Microsoft looks to boost AI performance in European languages
Microsoft
is investing millions of dollars to funnel more European-language data into AI development, company president Brad Smith told AFP Monday.
With today's leading AI models mostly trained on material in English, "the survival of these languages and the health of these cultures is quite literally at stake" without a course correction, Smith said in an interview.
AI models are "less capable when it is in a language that has insufficient data," he added -- which could push more users to switch to English even when it is not their native language.
Microsoft will from September set up research units in the eastern French city Strasbourg to "help expand the availability of
multilingual data
for AI development" in at least 10 of the European Union's 24 languages, including Estonian and Greek.
The work will include digitising books and recording hundreds of hours of audio.
"This isn't about creating data for Microsoft to own. It is about creating data for the public to be able to use," Smith said, adding that the information would be shared on an open-source basis.
The US-based company has in recent months striven to position itself as especially compatible with a gathering political push for European technological sovereignty.
Leaders in the bloc have grown increasingly nervous at their dependency on US tech firms and infrastructure since Donald Trump's reelection to the White House.

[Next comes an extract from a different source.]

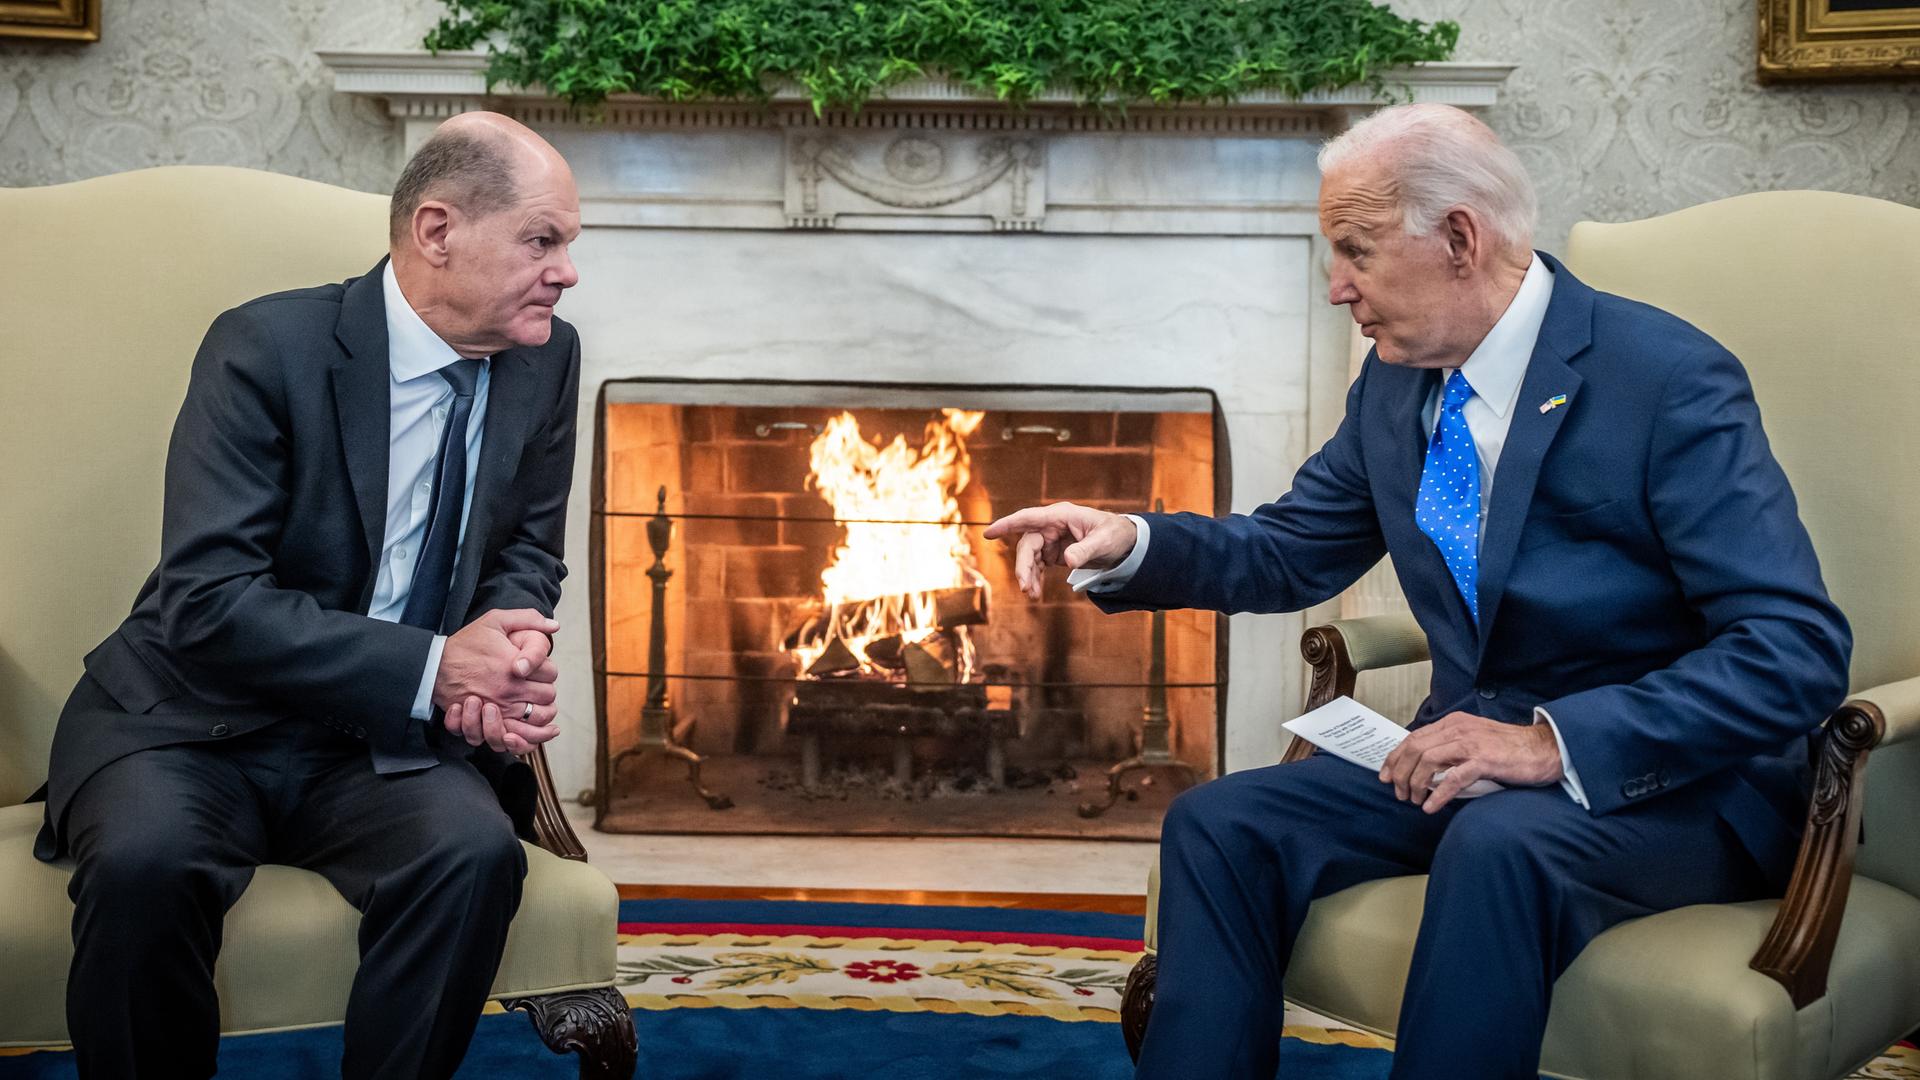 Bundeskanzler Scholz und US-Präsident Biden sitzen sich in Sesseln gegenüber und unterhalten sich. Biden gestikuliert mit der rechten Hand. Im Hintergrund lodert ein Kaminfeuer.

In June, Microsoft said it was stepping up cooperation with European governments on cybersecurity and announced new "
data sovereignty
" measures for its data centers on the continent.
Smith said that Monday's announcement was just the latest evidence of the company's commitment to Europe.
Most leading AI firms are American or Chinese, although Europe has some standouts like France's Mistral or Franco-American platform Hugging Face.
Away from Microsoft, some European initiatives such as TildeLM are pushing to develop local-language AI models.
The Windows and Office developer also said Monday that it was working on a digital recreation of Paris' Notre-Dame cathedral that it plans to gift to the French state, as well as digitising items from the country's BNF national library and Decorative Arts Museum.